TODO: 试下attention和CNN， charCNN

跑起来效果可以，接近BERT的效果。

#!/usr/bin/env python
# -*- coding: utf-8 -*-
# @Author  : qichun tang
# @Date    : 2021-01-06
# @Contact    : qichun.tang@bupt.edu.cn
import os

import pkuseg
import torch
from joblib import load, dump
from torch import nn
from torch.optim import Adam

from fastNLP import AccuracyMetric
from fastNLP import Const
from fastNLP import CrossEntropyLoss
from fastNLP import Trainer
from fastNLP.embeddings import StaticEmbedding
from fastNLP.io import ChnSentiCorpLoader, DataBundle
from fastNLP.io import ChnSentiCorpPipe
from fastNLP.io.pipe.utils import _indexize
from fastNLP.modules import LSTM

loader = ChnSentiCorpLoader()  # 初始化一个中文情感分类的loader
data_dir = loader.download()  # 这一行代码将自动下载数据到默认的缓存地址, 并将该地址返回
data_bundle = loader.load(data_dir)  # 这一行代码将从{data_dir}处读取数据至DataBundle
WORDS_SEQ_LEN = "words_seq_len"


class MyChnSentiCorpPipe(ChnSentiCorpPipe):
    def process(self, data_bundle: DataBundle):
        seg = pkuseg.pkuseg()
        data_bundle = super(MyChnSentiCorpPipe, self).process(data_bundle)
        data_bundle.apply_field(seg.cut, field_name=Const.RAW_CHAR, new_field_name=Const.INPUT)
        data_bundle.set_input(Const.INPUT)
        _indexize(data_bundle)
        for name, dataset in data_bundle.datasets.items():
            dataset.add_seq_len(Const.INPUT, new_field_name=WORDS_SEQ_LEN)
        data_bundle.set_input(WORDS_SEQ_LEN)
        return data_bundle


# 定义模型
class BiLSTMMaxPoolCls(nn.Module):
    def __init__(self, char_embed, word_embed, num_classes, hidden_size=400, num_layers=1, dropout=0.3):
        super().__init__()
        self.char_embed = char_embed
        self.word_embed = word_embed

        self.lstm1 = LSTM(self.char_embed.embedding_dim, hidden_size=hidden_size // 4, num_layers=num_layers,
                          batch_first=True, bidirectional=True)
        self.lstm2 = LSTM(self.word_embed.embedding_dim, hidden_size=hidden_size // 4, num_layers=num_layers,
                          batch_first=True, bidirectional=True)
        self.dropout_layer = nn.Dropout(dropout)
        self.fc = nn.Linear(hidden_size, num_classes)
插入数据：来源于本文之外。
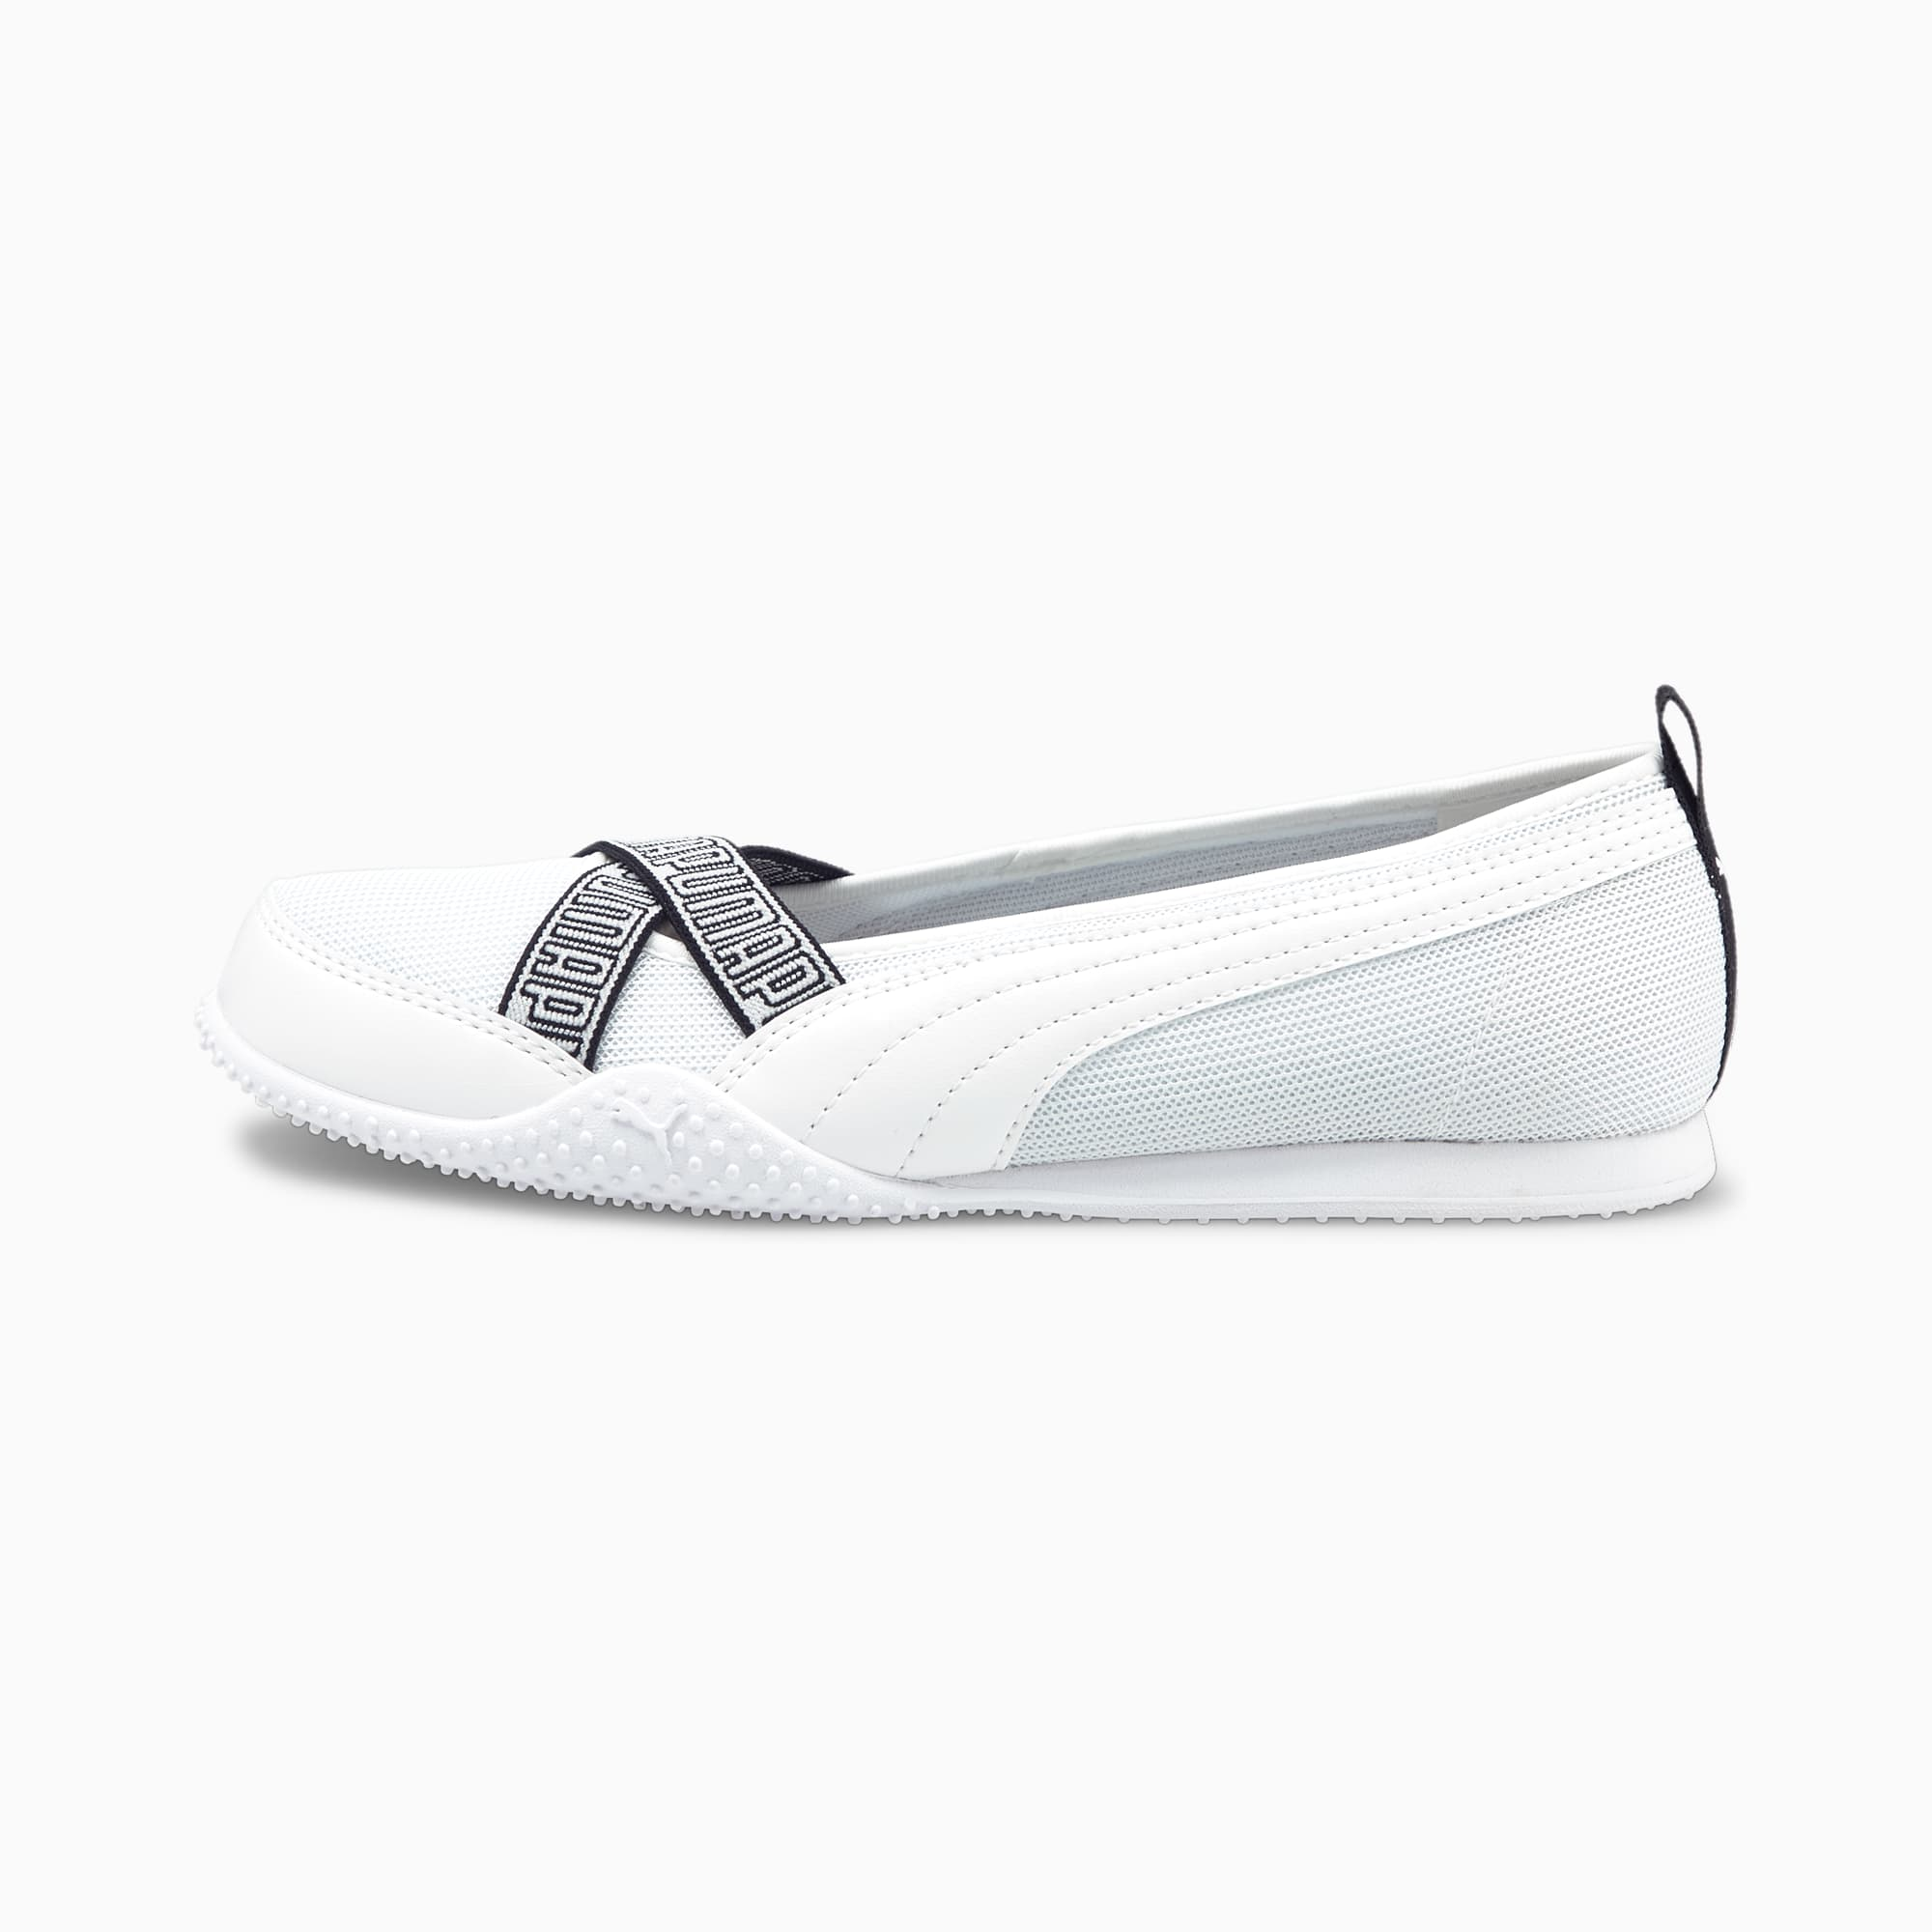 Bella Women's Ballerina Shoes

    def forward(self, chars, words, seq_len, words_seq_len):
        # 这里的名称必须和DataSet中相应的field对应，比如之前我们DataSet中有chars，这里就必须为chars
        # chars:[batch_size, max_len]
        # seq_len: [batch_size, ]
        chars = self.char_embed(chars)
        words = self.word_embed(words)
        outputs1, _ = self.lstm1(chars, seq_len)
        outputs2, _ = self.lstm2(words, words_seq_len)
        outputs1 = self.dropout_layer(outputs1)
        outputs2 = self.dropout_layer(outputs2)
        outputs1, _ = torch.max(outputs1, dim=1)
        outputs2, _ = torch.max(outputs2, dim=1)
        outputs = torch.cat([outputs1, outputs2], dim=1)
        outputs = self.fc(outputs)
        return {'pred': outputs}  # [batch_size,], 返回值必须是dict类型，且预测值的key建议设为pred


# 加载与处理数据
cache_name = "ChnSentiCorp.pkl"
if os.path.exists(cache_name):
    data_bundle = load(cache_name)
else:
    pipe = MyChnSentiCorpPipe(bigrams=False)
    data_bundle = pipe.process(data_bundle)  # 所有的Pipe都实现了process()方法，且输入输出都为DataBundle类型
    dump(data_bundle, cache_name)
# 初始化模型
char_embed = StaticEmbedding(data_bundle.get_vocab("chars"), model_dir_or_name='cn-char-fastnlp-100d')
word_embed = StaticEmbedding(data_bundle.get_vocab("words"),
                             model_dir_or_name='/media/tqc/doc/dataset/fastNLP/70000-small.txt')
model = BiLSTMMaxPoolCls(char_embed, word_embed, len(data_bundle.get_vocab('target')))
loss = CrossEntropyLoss()
optimizer = Adam(model.parameters(), lr=0.001)
metric = AccuracyMetric()
device = 0 if torch.cuda.is_available() else 'cpu'  # 如果有gpu的话在gpu上运行，训练速度会更快

trainer = Trainer(train_data=data_bundle.get_dataset('train'), model=model, loss=loss,
                  optimizer=optimizer, batch_size=32, dev_data=data_bundle.get_dataset('dev'),
                  metrics=metric, device=device)
trainer.train()  # 开始训练，训练完成之后默认会加载在dev上表现最好的模型

# 在测试集上测试一下模型的性能
from fastNLP import Tester

print("Performance on test is:")
tester = Tester(data=data_bundle.get_dataset('test'), model=model, metrics=metric, batch_size=64, device=device)
tester.test()